仓库将生成.csv文件,这些文件将具有相同标题的书籍的签名和未签名(作者)副本视为不同的行,例如:
TITLE // STOCK
A song of ice and fire // 5
A song of ice and fire (signed) // 1
但是,我希望每个标题都为一行,但要为已签名的股票增加一列,例如:
TITLE // STOCK // SIGNED STOCK
A song of ice and fire // 5 // 1
我已经成功地将CSV读入了熊猫数据框,并添加了一个空白列SIGNED STOCK
,并用零填充。我还清理了代码,摆脱了空白和NaN
但是,我不知道如何在行中搜索带有子字符串(signed)
的标题,然后将那里的库存添加到相关标题的相关SIGNED STOCK
列中。

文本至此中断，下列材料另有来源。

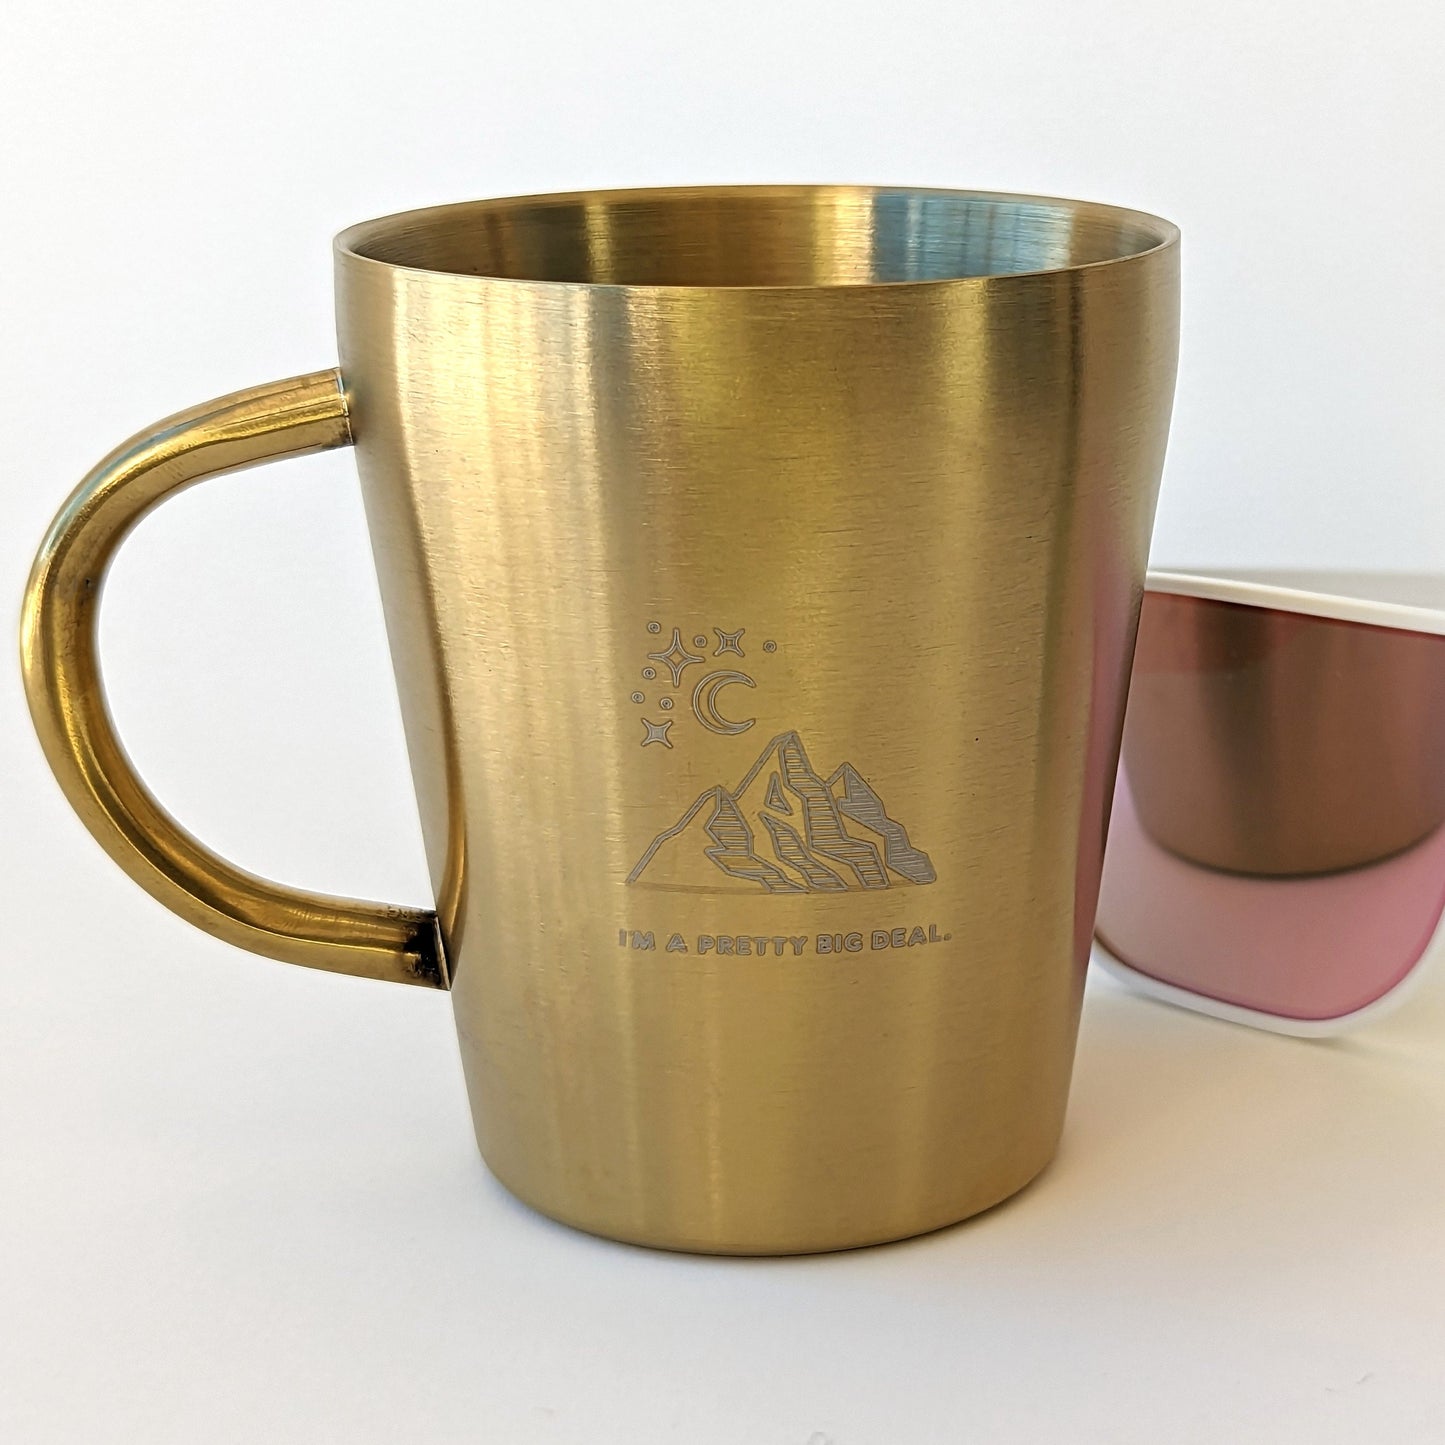 10oz Gold Stainless Steel Camping Mug

任何帮助,不胜感激! :)
IBS_combined = pd.read_csv("IBS_21_05_19.csv",usecols=[3,12,21],encoding='latin-1')
IBS_combined.columns= ['Product', 'ISBN','Stock']
IBS_combined['Signed Stock']='0'
IBS_combined.replace(['Product'], np.nan, inplace=True)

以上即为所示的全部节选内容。